Sylvester Manor in Shelter Island, the 1737 Maonr

Sylvester Manor in Shelter Island, the 1737 Maonr House believed to be the earliest Georgian on the East End. The side porches were an 1908 addition, Wednesday, Sept. 24, 2014. Credit: Randee Daddona

Sylvester Manor, the Shelter Island plantation where African-American slaves labored alongside American-Indian and European servants a century before the American Revolution, is a candidate for the National Register of Historic Places.

Gov. Andrew M. Cuomo last week announced that the 225-acre estate, now a nonprofit organic farm, is among 22 properties the New York State Board for Historic Preservation recommended for the national list of 90,000 sites.

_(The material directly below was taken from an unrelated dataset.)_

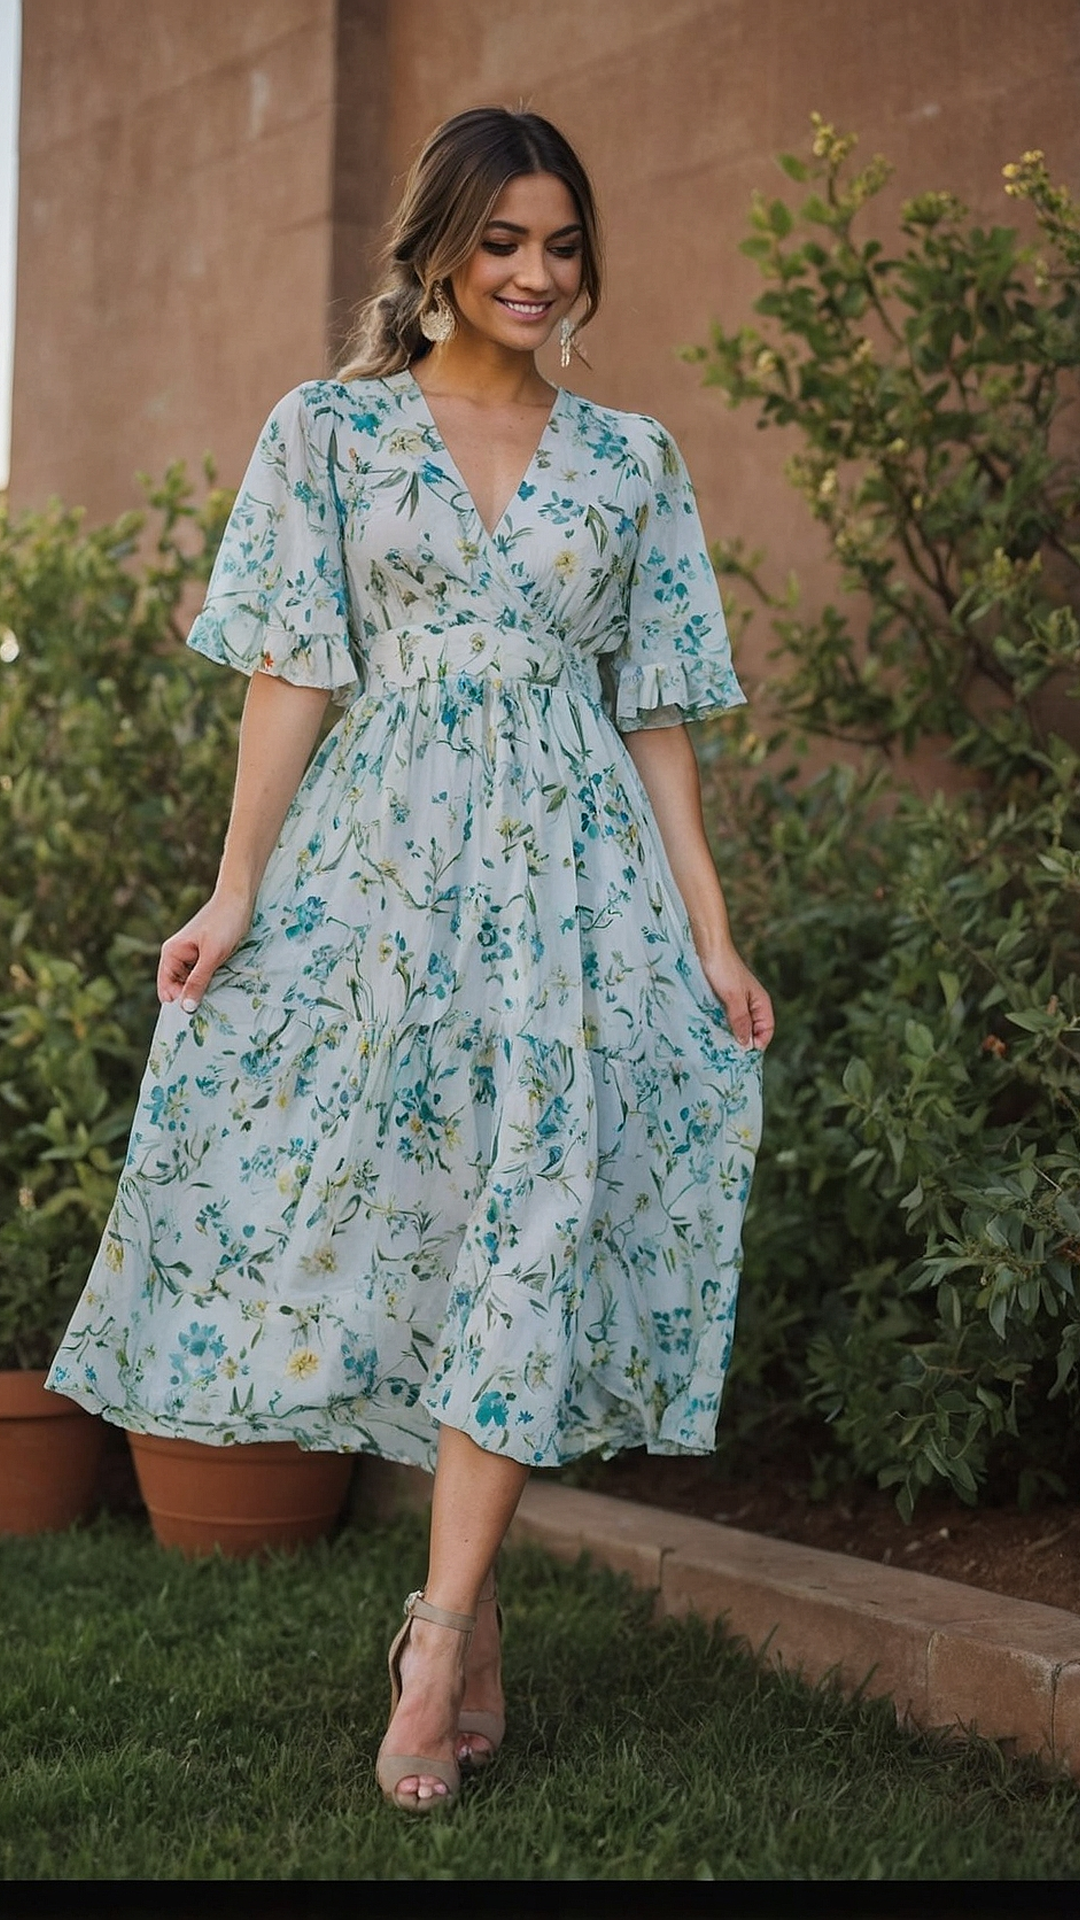 Floral Flounce: Maxi Dress Ideas to Love

Modern-day Sylvester Manor -- a Georgian Colonial house overlooking a creek and surrounded by woods, meadows, vegetable fields, a windmill and barns -- is what remains of the plantation Nathaniel Sylvester founded after he and three partners bought all of Shelter Island in 1651, hoping to produce food and other provisions for their two sugar plantations in Barbados.

The Sylvester family held the estate for nine generations, selling it piece by piece, until 10th-generation descendant Eben Fiske Ostby and his nephew, Bennett Konesni, founded the Sylvester Manor Educational Farm in 2009. Ostby later gave almost all his family's remaining land to the nonprofit.

Historians have combed the grounds and reams of documents found in a vault in the estate's manor house, seeking insight into a place where people of different cultures -- whether brought by force, or seeking fortune -- lived and worked together.

Nathaniel Sylvester brought the first three slaves in what later became Suffolk County to the plantation in 1653. Manhansett Indians, stripped of their lands, and European immigrants, many of them from Ireland, also worked there as indentured servants, historians said.

"It's a place that has acted like a magnet for all these cultures," said Mac Griswold, a historian who last year published "The Manor: Three Centuries at a Slave Plantation on Long Island."

Griswold called the manor "a capsule of what America has represented, for good and for bad."

Members of African-American tour groups have wept while viewing slaves' attic quarters and prayed at the site of 200 unmarked graves where slaves and American Indians were buried, said Maura Doyle, historic preservation coordinator for the nonprofit Sylvester Manor Educational Farm.

"What we are finding is that this property is becoming a sort of place of reverence and reconciliation among some of the larger descendant communities here on Long Island," Doyle said.

Sylvester Manor Educational Farm also hosts aspiring farmers, who live on the estate growing vegetables, raising sheep and learning traditional work songs.

A National Register designation would open up grant opportunities that could help the nonprofit with a number of restoration projects, such as fixing up the manor house, built in 1737.But the nonprofit's directors already consider themselves lucky.

"The stars really aligned for this place," said Sara Gordon, the strategic director. "A whole lot of things could have happened to it. It could have been a lot of houses. Now it's this extraordinary project with the potential for joy and reconciliation and delicious food."